Об авторе.
Вячеслав ХАРЧЕНКО
(Краснодар - Москва)
Родился в Краснодарском крае. Закончил школу в г. Петропавловске Камчатском, выпускник МГУ им.Ломоносова, механико-математический факультет. Участник литературной студии "Луч",учился в Литинституте. Стихи печатались в журналах "Новая Юность" и "Арион".
|
  |
Руст на Красную площадь сел не сразу. Он все заходил и заходил на посадку, примериваясь, как получше ее осуществить. В целом набралось три круга. В первый раз он летел со стороны Александровского сада, но мешала Кремлевская стена. Второй заход был осуществлен от Детского мира. Мы стояли, смотрели вверх, а дети махали ему руками и кепками. Руст пикировал в сопровождении американских вертолетов (они тогда только поступили для московской милиции), и всем казалось, что идет какая-то грандиозная киношная съемка крутого боевика. К тому же из репродукторов отовсюду неслись марши, и было радостно. Сесть же ему удалось только с третьей попытки, причем осуществил он ее с набережной. Планер гордо протрясся по покатым булыжникам, но, впрочем, эти кадры видели все. Их показывали даже по CNN: возбужденного молодого человека вытаскивают под руки работники правопорядка, а он улыбается и раскланивается во все стороны.
Руста повели в тридцать первое отделение, которое расположено в Кремле. Именно в нем служат самые интеллигентные менты Российской Федерации. Я не знаю, как с Рустом, но когда забрали меня за попытку спилить под Новый год голубую елочку у Стены с вмурованными героями, то они даже не настучали дубинками.
Просто бросили пинком в обезьянник и написали телегу в институт, но там не поверили. Только Нинка шипела всю неделю: Я же пошутила.
В Автолайне работать невозможно. Кроме плана в девятьсот рублей директор установил ремонт вполовину за свой счет, сто берет на ежемесячный техосмотр, двести за опоздание и пятьсот за простой.
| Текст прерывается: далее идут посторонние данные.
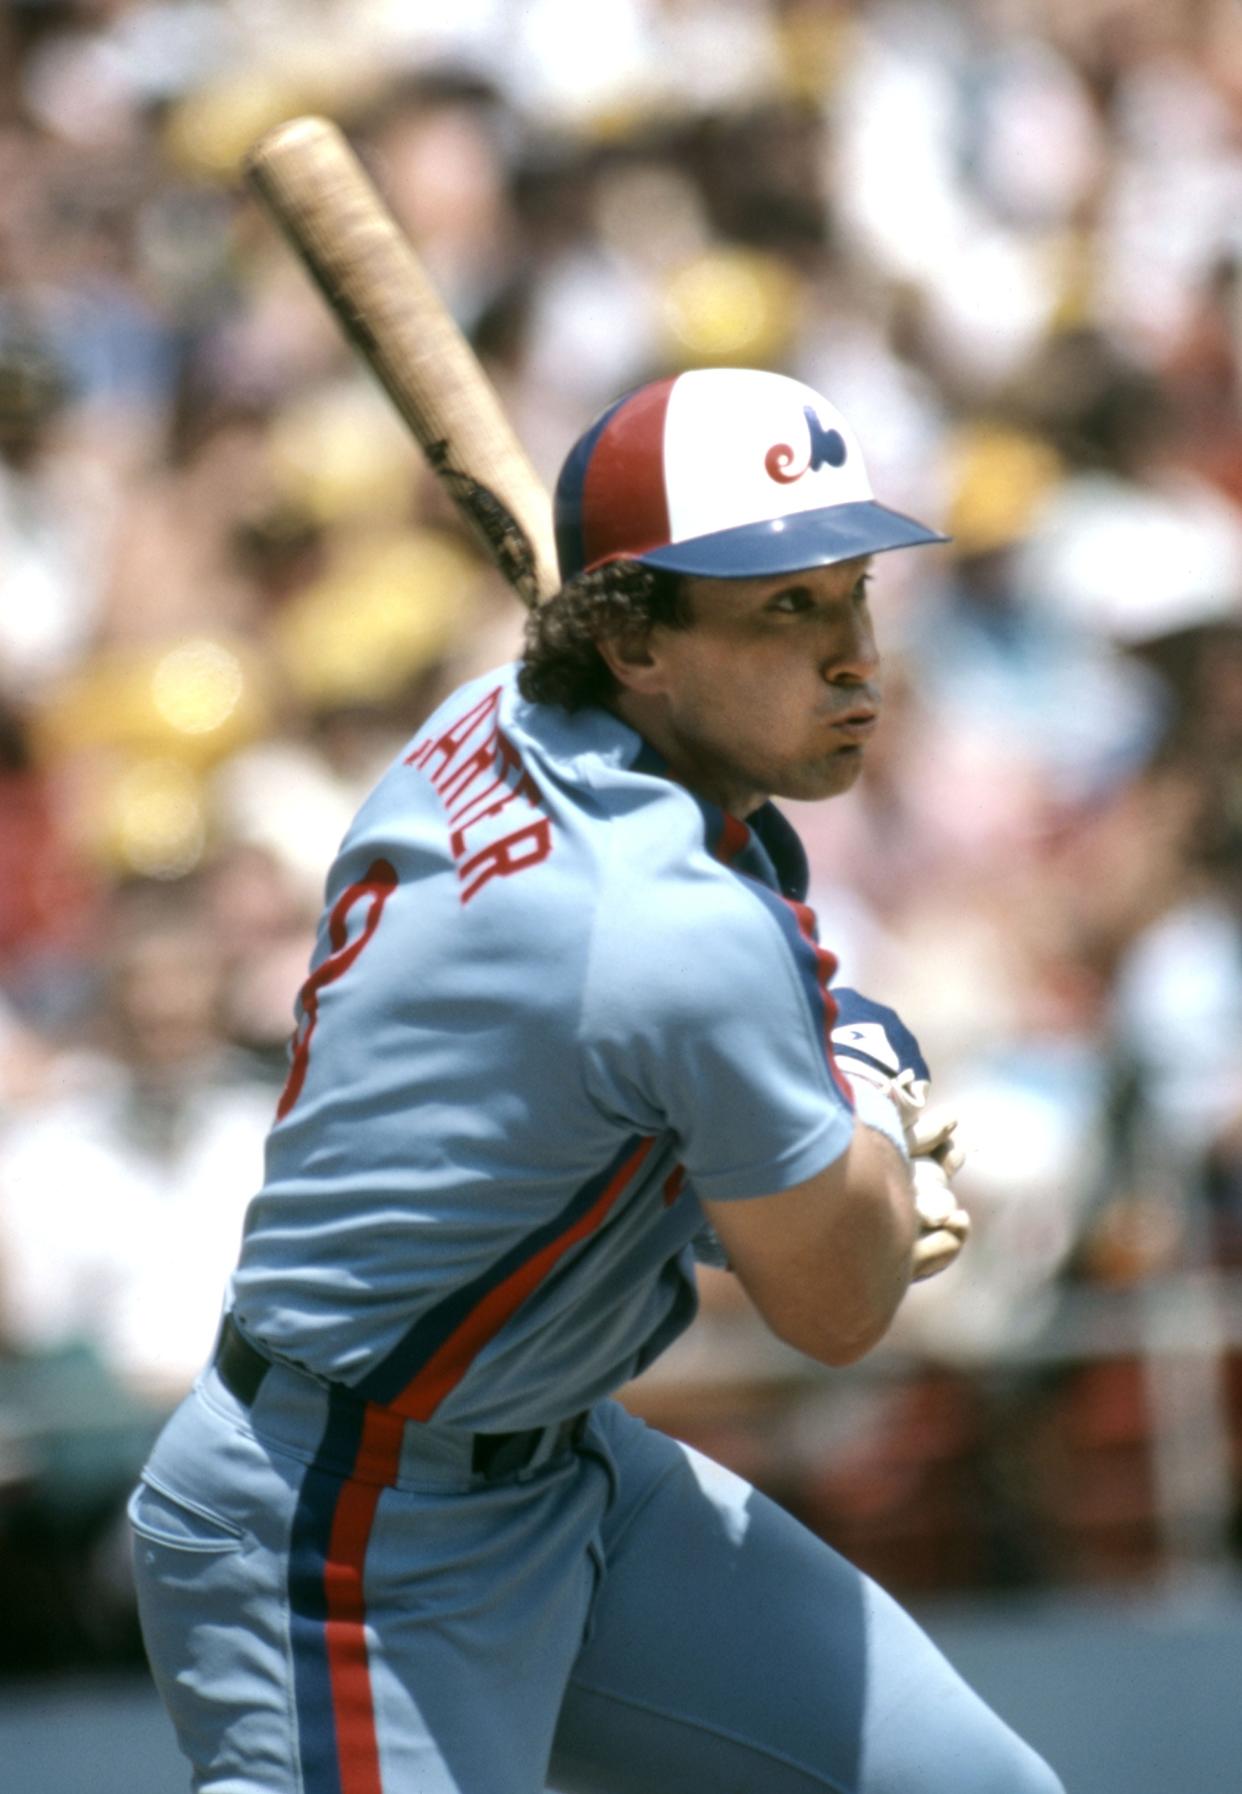 Aug 1983; Pittsburgh, PA, USA; FILE PHOTO; Montreal Expos catcher Gary Carter hits the ball against the Pittsburgh Pirates at Three Rivers Stadium. Mandatory Credit: Malcolm Emmons-USA TODAY Sports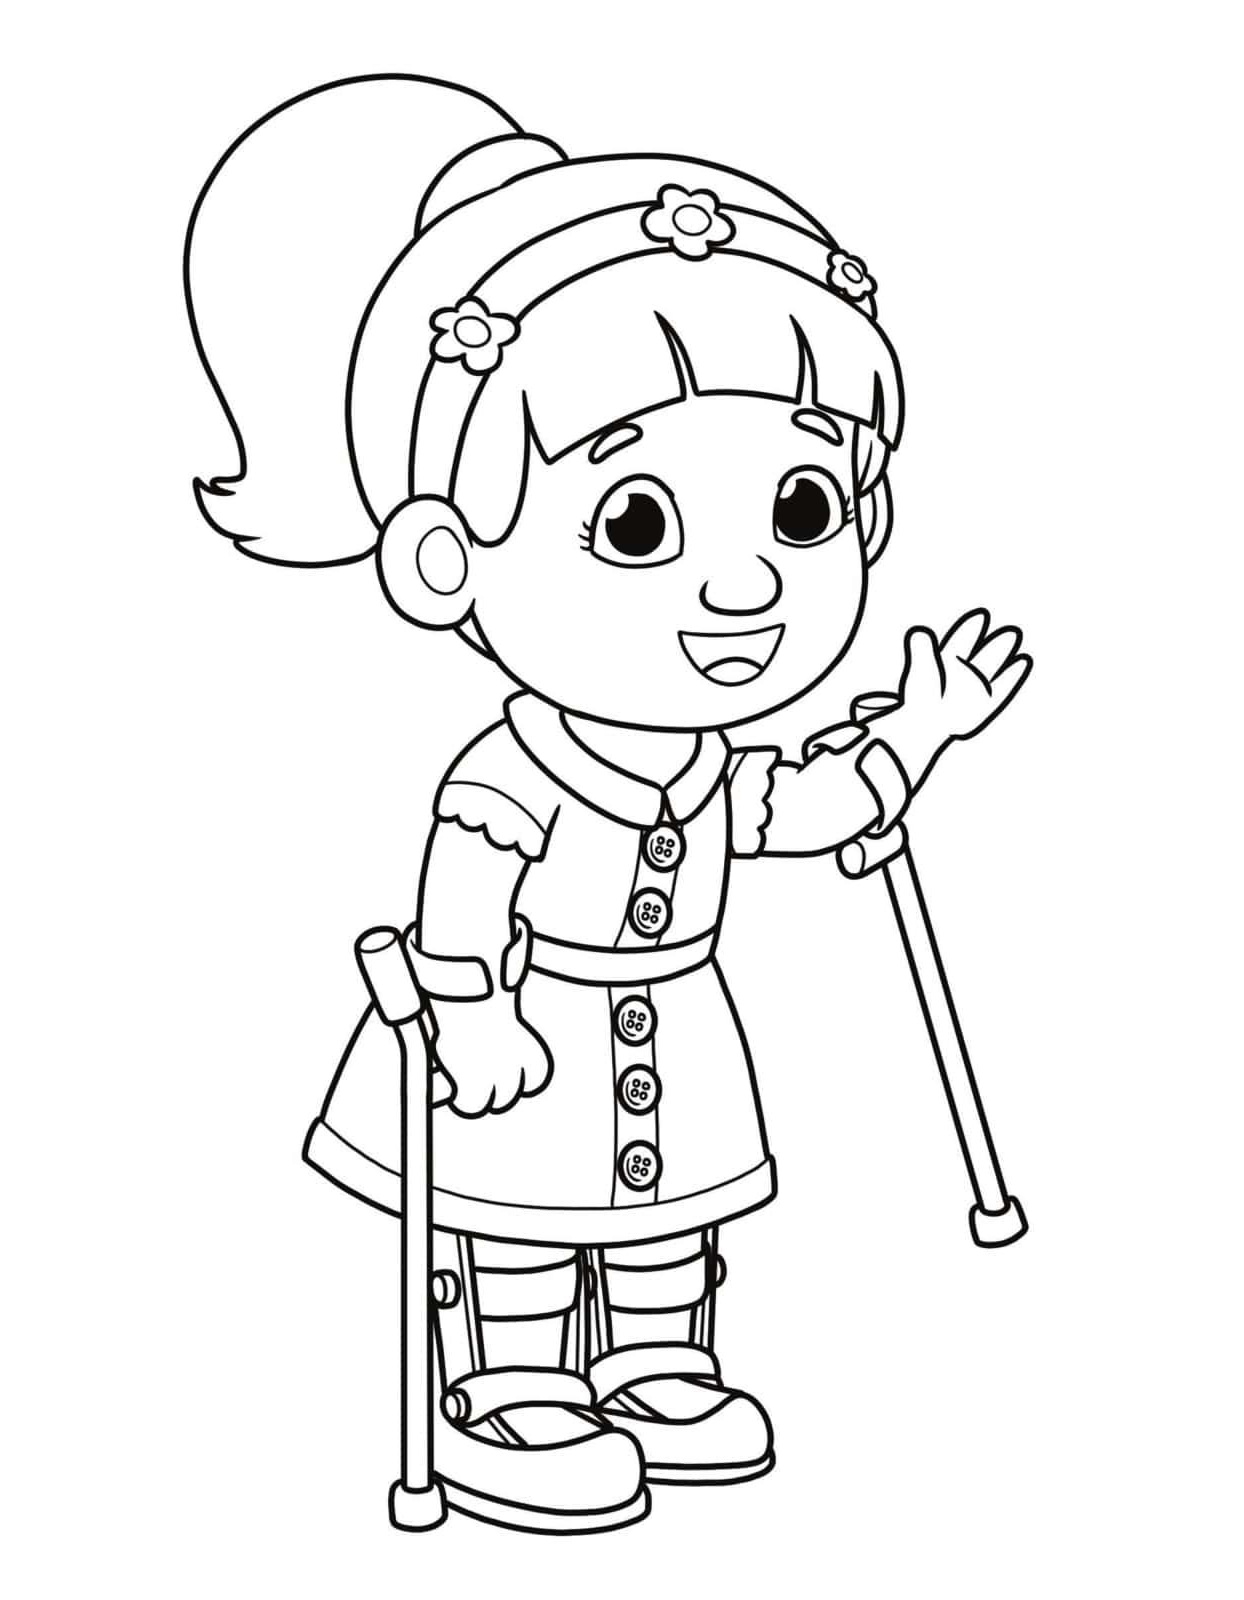 chrissie coloring page free printable coloring pages for kids

Весь список штрафов занимает сто страниц.
При полной загрузке в пятнадцать человек (по семь рублей с каждого) водитель делает в день сорок рейсов, и свободные места отсутствуют лишь утром и вечером в будни. В полдень же, в выходные и летом делать нечего. Хорошо, если дождь, или снег, или мороз, а так пашешь в долг до холодов, чтобы отдать и накопить. Если до зимы не дотягиваешь, то пиши пропало, так как все записывают - не уйти, не сбежать.
Егорка в аварию попал по душевному расположению. После смены ехал не быстро и, чтобы не сбить соплюху, перебегавшую на красный, вывернул руль в КРАЗ. Свалившаяся с платформы плита вдавила зад микроавтобуса на пять тысяч баксов. При нынешних правилах повешенные две с половиной можно было достать, только продав квартиру.
Поняв, что деваться некуда, Егор пошел к вору в законе на отдыхе Соломону. Соломон за дело взялся охотно (забил с директором стрелку), но встречно попросил Егорку уговорить водителей Автолайна составить сопроводительный кортеж. Своих быков и автомобилей у Соломона не было уже лет десять. Он лишь выделил из общака деньги на "шестерку".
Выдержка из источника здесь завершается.